Pharmaceutical removal from aquatic environments using multifunctional metal-organic frameworks (MOFs) materials for adsorption and degradation processes: a review

Abstract

Pharmaceutical residues in water pose a significant environmental and public health challenge, mainly originating from urbanization, hospital effluents, and pharmaceutical manufacturing. Effective remediation is crucial before their discharge into aquatic systems. Traditional wastewater treatment often fails to remove these contaminants effectively. Adsorption is efficient but merely transfers pollutants between phases, requiring further treatment. While advanced oxidation processes (AOPs) enable degradation, they typically exhibit low mineralization efficiency and limited effectiveness at low pollutant concentrations.

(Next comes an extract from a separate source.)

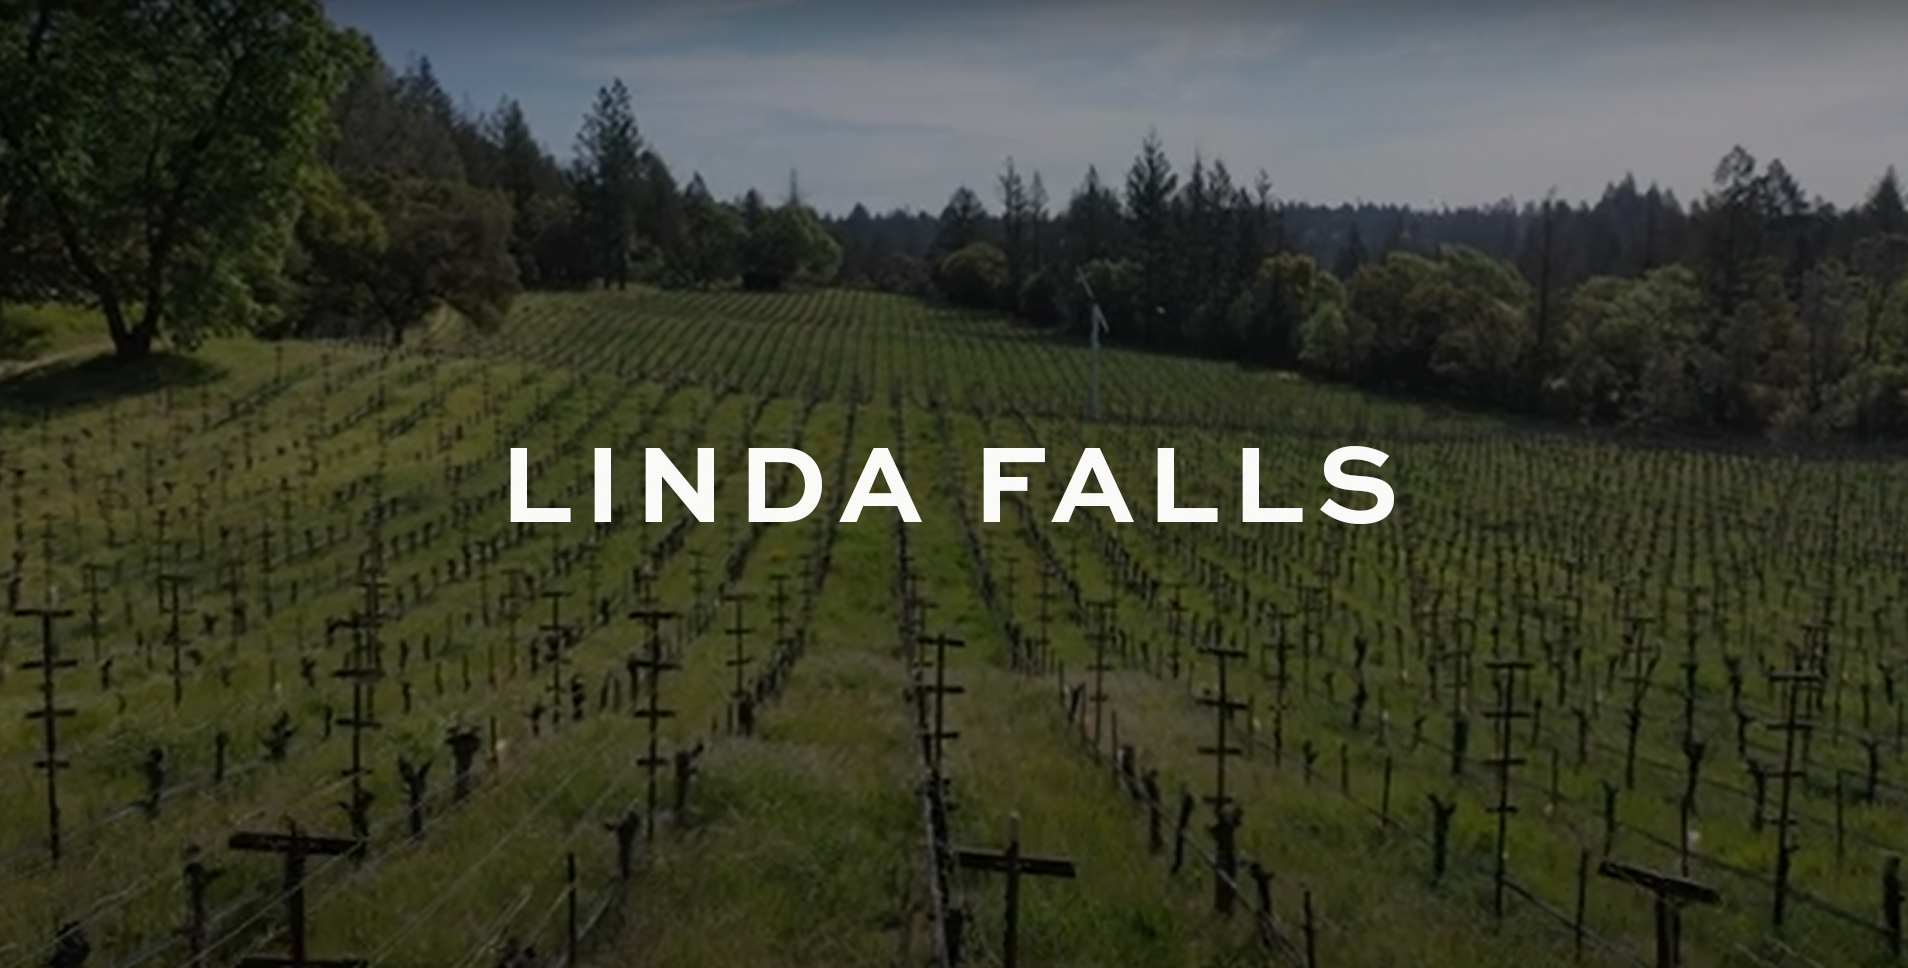 Heitz Cellar Howell Mountain Linda Falls Vineyard with text "Linda Falls" overlayed

Combining adsorption with degradation addresses key challenges by enabling the degradation of adsorbed pollutants into harmless byproducts while regenerating the catalyst for reuse. Developing dual-function catalysts is crucial for commercial applications. Metal-organic frameworks (MOFs) are promising due to their high surface area, porosity, stability, and abundant functional groups. While most studies focus on MOFs for single catalytic applications, their dual role as adsorbents and AOP activators remains underexplored. This review highlights advancements in MOF synthesis, modification, and application for pharmaceutical removal from water. MOFs with high adsorption capacity and catalytic activity in AOPs have demonstrated significant potential for pharmaceutical wastewater treatment, offering dual benefits in water purification. This review covers recent research progress, sustainable MOF design strategies, limitations, mechanisms, and future directions, with a focus on the potential for large-scale applications in pharmaceutical wastewater treatment. This review is a valuable resource for researchers studying MOF-based adsorption and catalytic degradation for pharmaceutical wastewater remediation.